“Brave investigations and solid editorial”
were the key to success for Glasgow’s Evening Times, which picked up the top award at the Newspaper Society’s Circulation, Editorial and Promotion Awards.
Speaking at the awards, editor Donald Martin said that while putting the paper together had been hard work in what he said was one of the most competitive markets in the country, he and his team had had “a lot of fun”.
The judges named the Evening Times as best regional paper, describing it as “a strong paper from front cover to back”.
The Times ran several high-profile campaigns in the past year and one, “Crime on Your Street”, used the Freedom of Information Act to reveal where 137,000 crimes took place in Glasgow in 2005-06.
“Glasgow Gangs”, a campaign led by former chief reporter Chris Leask, now at the Evening Times’s sister paper the Glasgow Herald, revealed that there were 110 gangs in the city with more than 2,000 members and the authorities were urged to take action.

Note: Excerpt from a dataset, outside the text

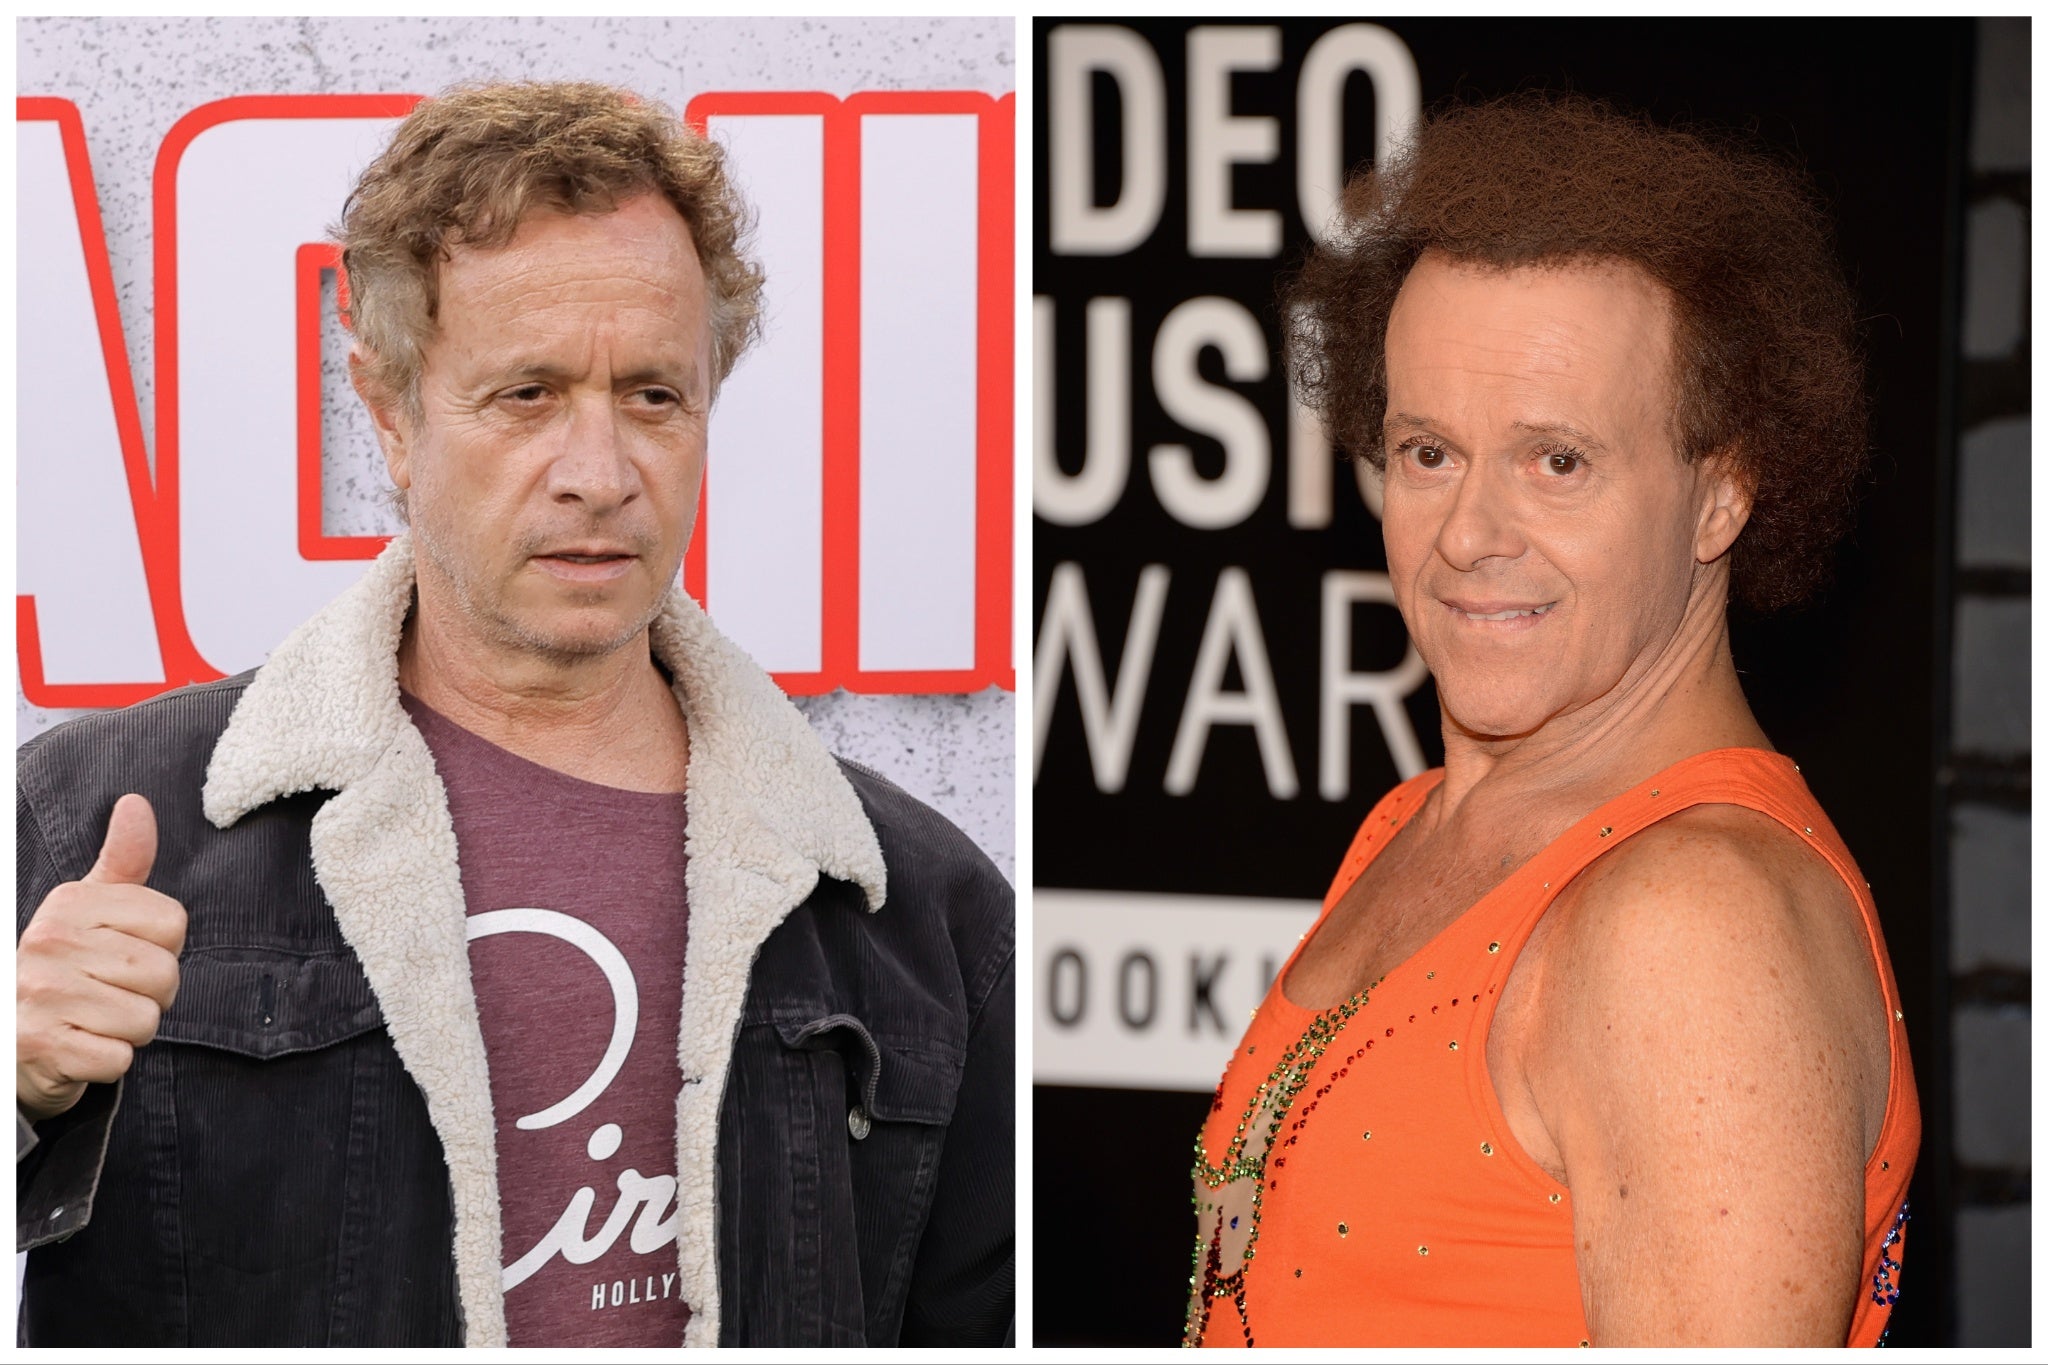 Pauly Shore (left) and Richard Simmons

Martin said: “This is a fine tribute to our team’s professionalism and hard work.
It’s particularly rewarding since we are operating in the most competitive newspaper market outside London.”
The Press in York won campaign of the year for “Change It”. The campaign saw a change in the law to allow child kidnappers to be placed on the Sex Offenders’ Register.
Other winners on the night included Brighton’s Argus, which was nominated in six categories and picked up the new scoop of the year award as well as the award for cest reader acquisition and retention campaign, and the Hull Daily Mail and Southern Daily Echo, which were jointly named as innovative newspaper of the year.
Two reporters from the Derby Evening Telegraph, David Walsh and Catherine Oakes, took home journalist of the year and young journalist of the year respectively.